Фестиваль танец
На сцене петербургского Александринского театра впервые в России — да и в мире — выступила новая польская труппа "Белый театр танца" хореографа Изадоры Вайс, показавшая программу на вечную тему "любовь/секс и смерть". За смертоносными страстями внимательно следила ТАТЬЯНА КУЗНЕЦОВА.
В средней части фестиваля доминировал "Белый театр танца" из Кракова — труппа, которой недавно исполнилось два месяца. Вообще-то на "Дягилев P.S." приглашали успешный авторский Балтийский театр танца из Гданьска — с 2010 года им руководила Изадора Вайс, молодой, плодовитый и чрезвычайно энергичный автор, работающий на стыке танцтеатра и восточноевропейского contemporary dance. Но пока фестивальное дело делалось, Гданьск решил переключиться на классический репертуар, так что в сентябре 2016 года артисты-"современники" и их руководительница оказались безработными. В оставшиеся до фестиваля два месяца неукротимая хореографиня собрала новую труппу (к семи преданным ей танцовщикам прибавилось 11 новичков), сохранила фирменную аббревиатуру компании, назвав ее БТТ ("Белый театр танца"), обрела покровительство Элизабеты Пендерецкой (жена великого композитора предоставила бездомным репетиционную базу под Краковом), выучила с новыми артистами три своих готовых балета, поставила один новый. С этим багажом она прибыла в Петербург, заставив вспомнить легендарную антрепризу Дягилева с ее регулярными авралами, когда перед открытием занавеса рабочие сцены еще забивали гвозди в декорации, художники с мировыми именами носились с кисточками, собственноручно нанося на костюмы последние штрихи, а финальные па очередного балета хореограф доставлял на утренней репетиции.

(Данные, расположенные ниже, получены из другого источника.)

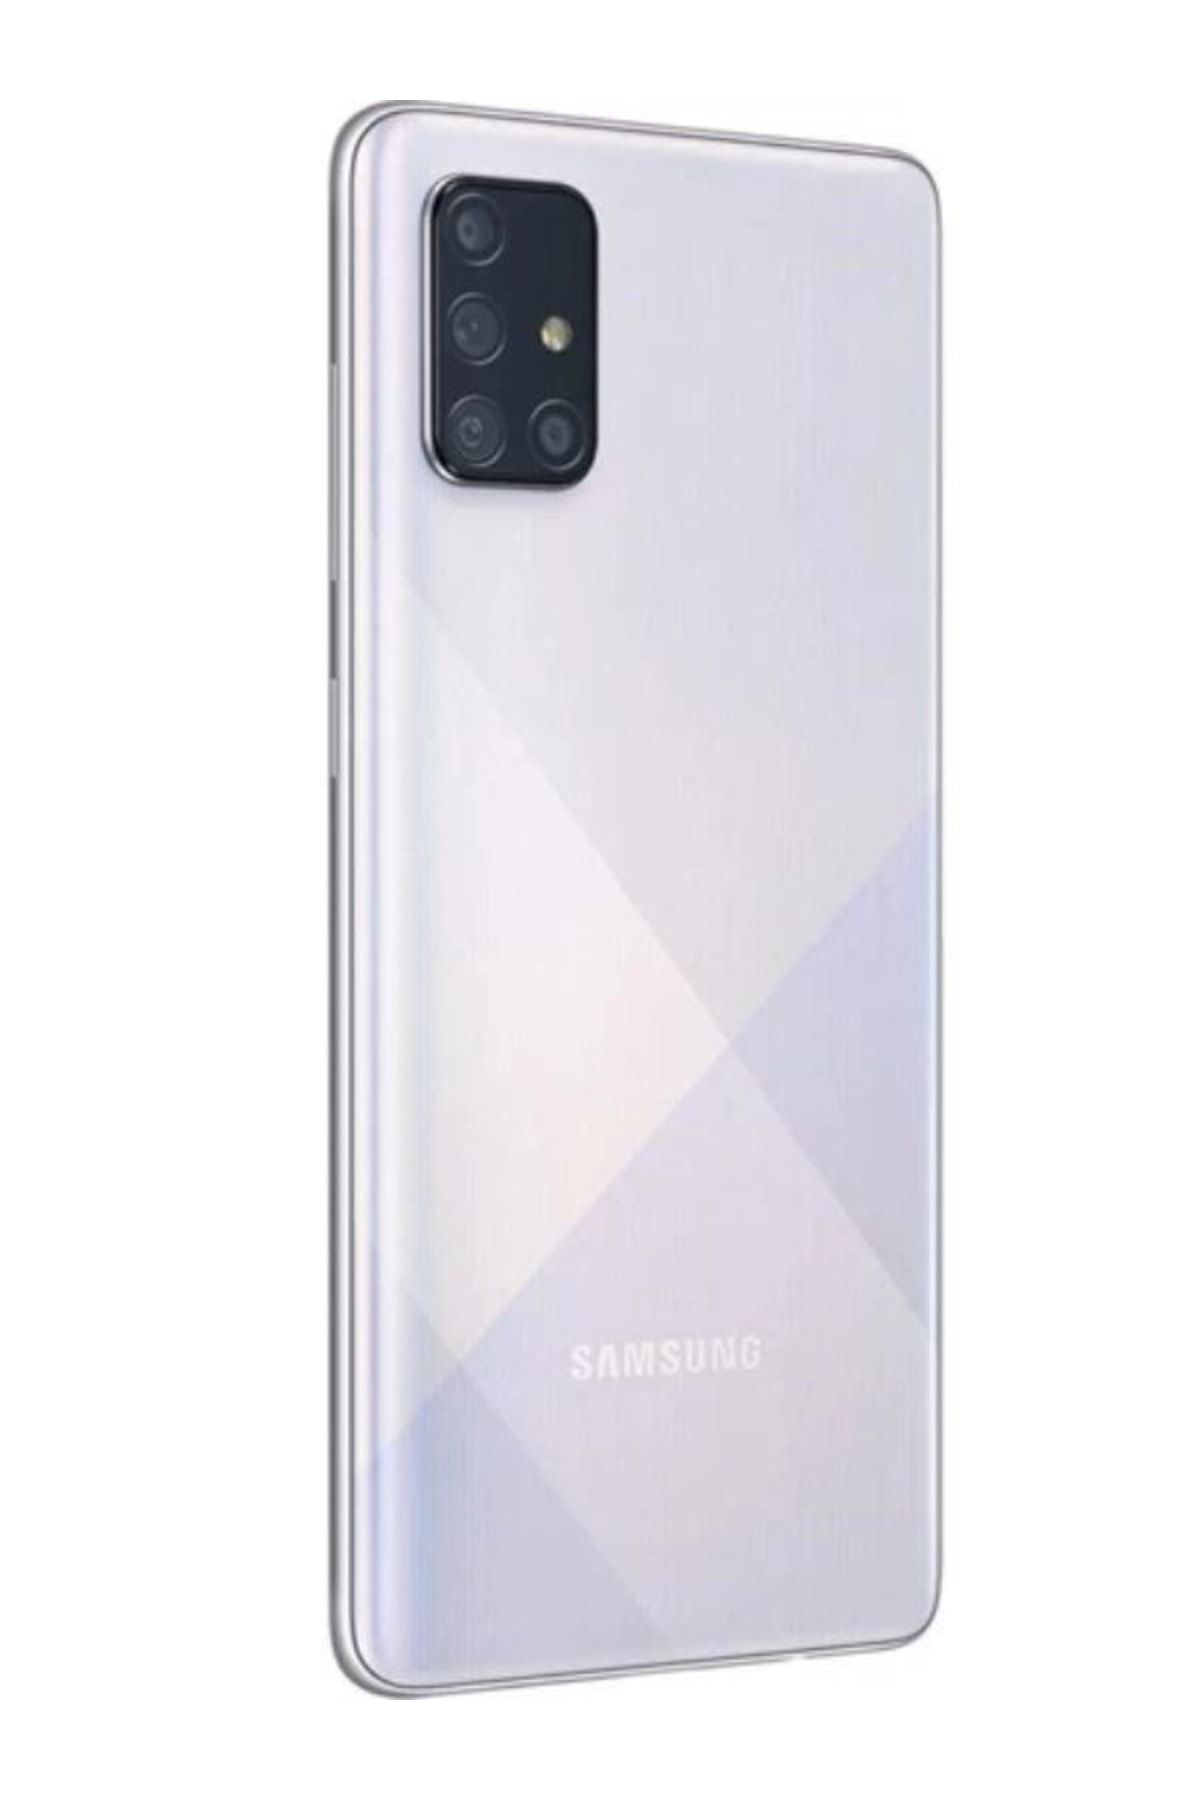 Samsung Yenilenmiş Galaxy A71 128 GB (12 Ay Garantili)

Надо признать, что следов постановочной спешки или неотрепетированной грязи не было заметно в спектаклях поляков. Однако неровность состава бросалась в глаза. Рядом с проверенными бойцами, готовыми к сценическим перегрузкам — физическим и драматическим (плотность хореографии Вайс бескомпромиссно высока), маячили — даже в главных ролях — незрелые эфемериды, переигрывающие лицом и недорабатывающие телом. По стечению обстоятельств лучший спектакль поляков — "Свет" на музыку Филипа Гласса по мотивам картины Вермеера "Молочница" (его "Географ" как раз заканчивал сольные гастроли в "Эрмитаже") — смогли увидеть лишь избранные гости и лучшие служащие Сбербанка, абонировавшего Эрмитажный театр целиком.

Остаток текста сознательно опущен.